═══ DATASET ENTRIES ═══
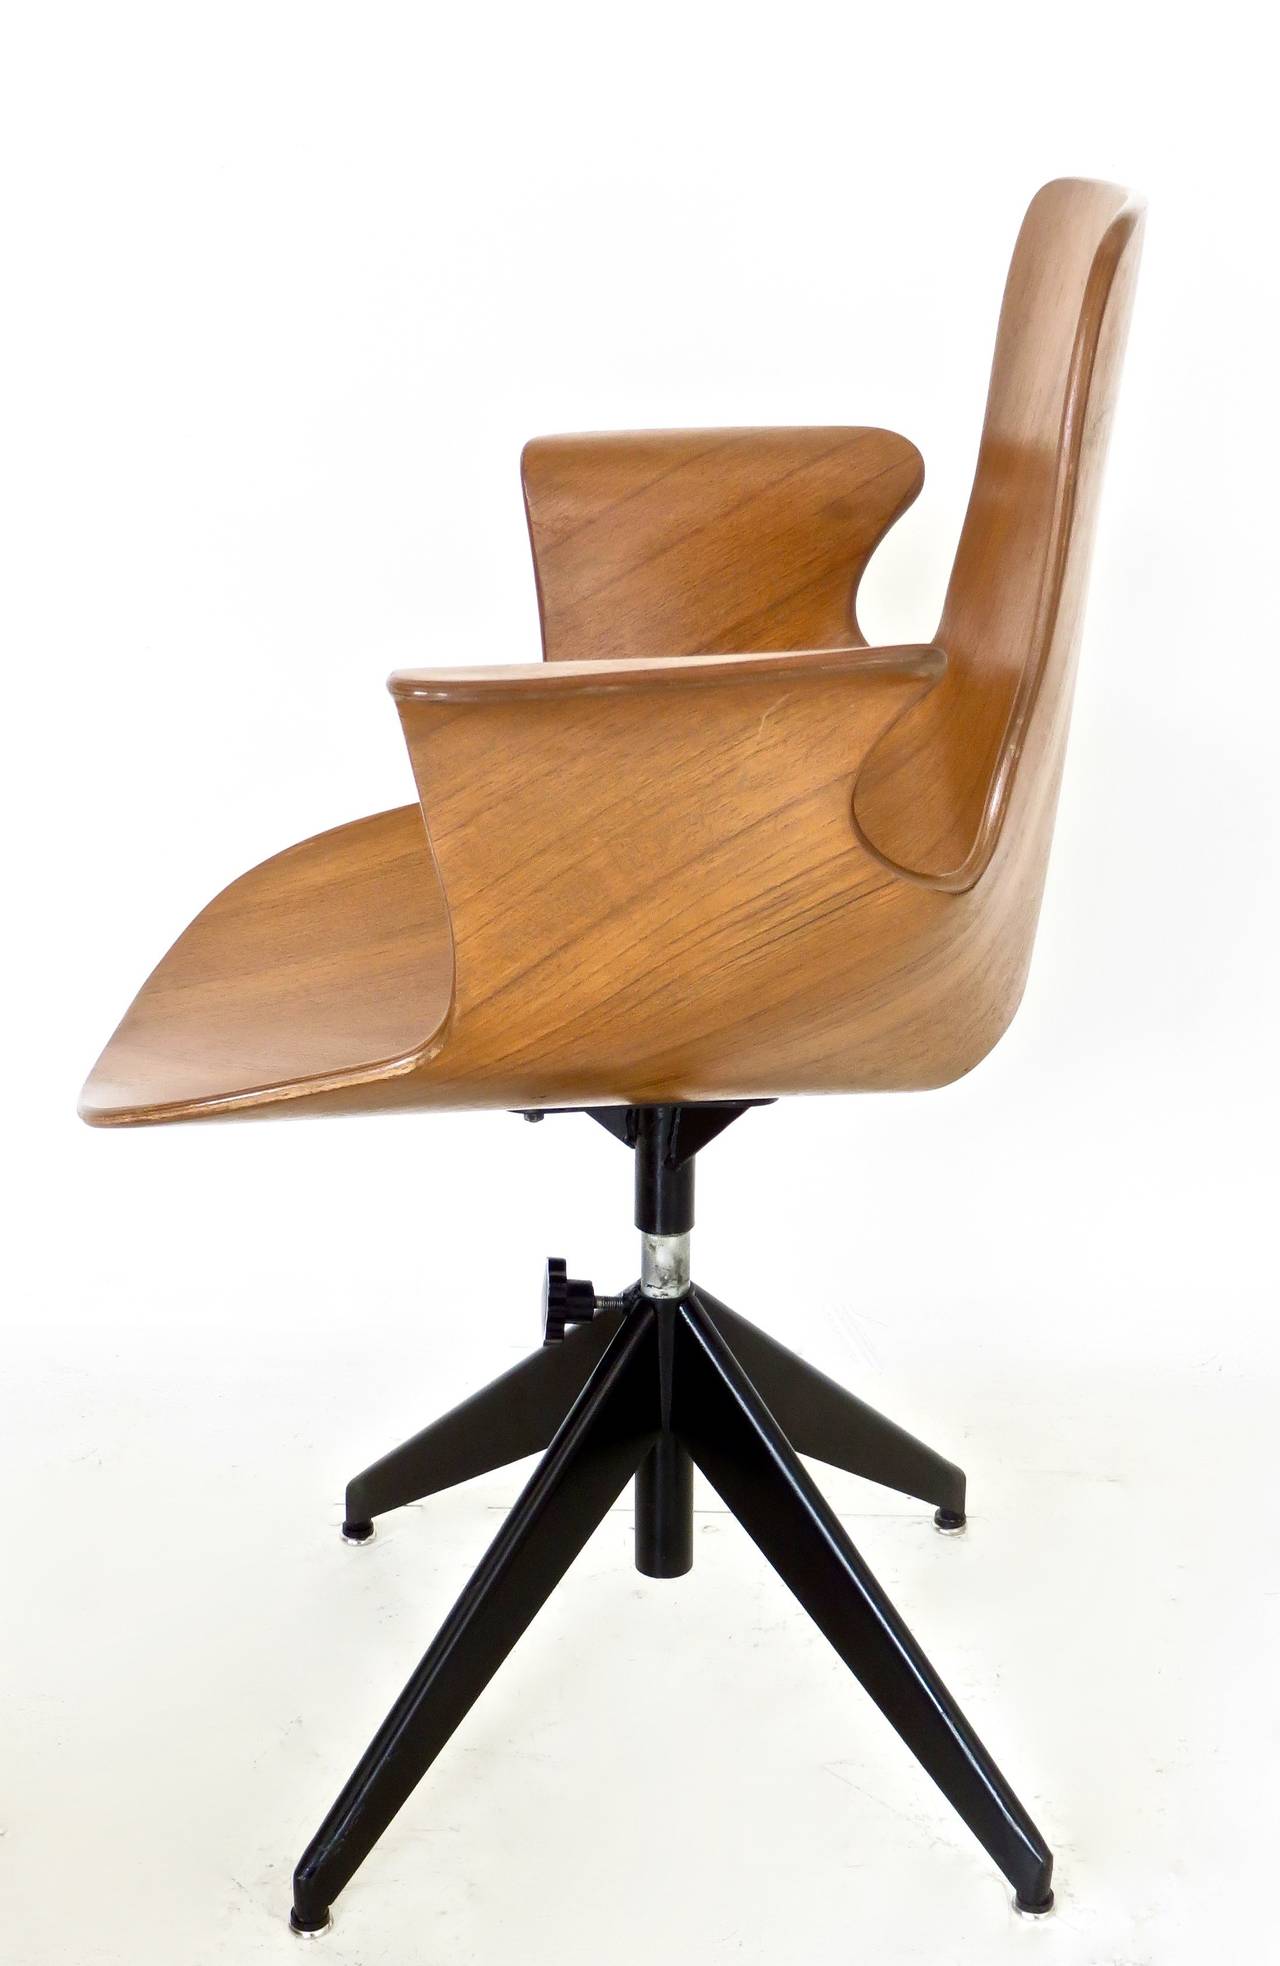 The Medea desk chair by Vittorio Nobili for Tagliabue. 
Elegant molded walnut wood seat on a black enamel swivel base.
4 brass caps on seat. Matte finish on the wood. No chips or restorations. 
The seat can be raised or lowered via the black knob
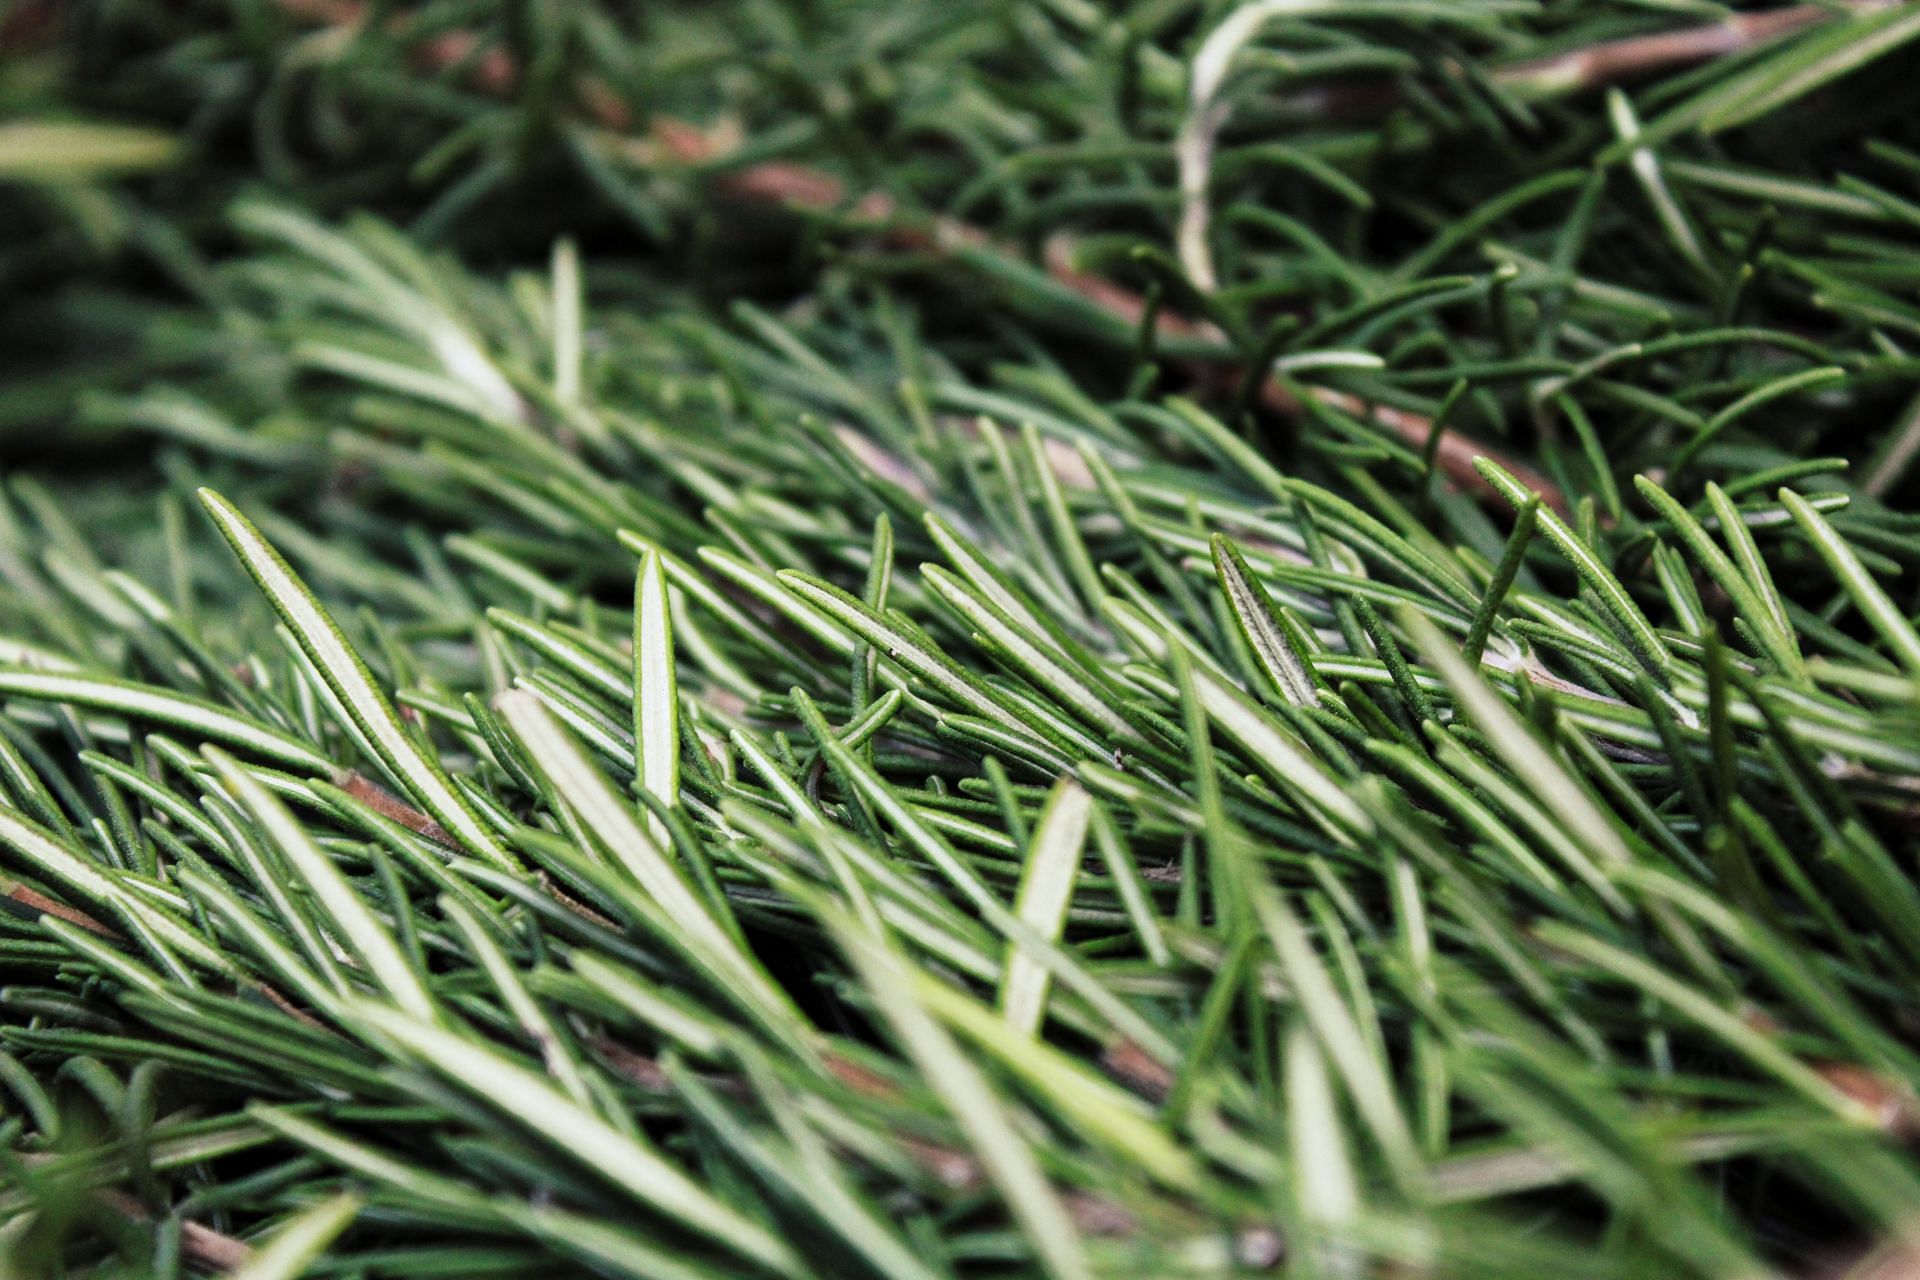 Rosemary oil for hair growth: Does it work? (Image via Unsplash / Fulvio Ciccolo)
═══
Where a line in the material above holds "seat", copy that line.

■ SOLUTION:
Elegant molded walnut wood seat on a black enamel swivel base.
4 brass caps on seat. Matte finish on the wood. No chips or restorations. 
The seat can be raised or lowered via the black knob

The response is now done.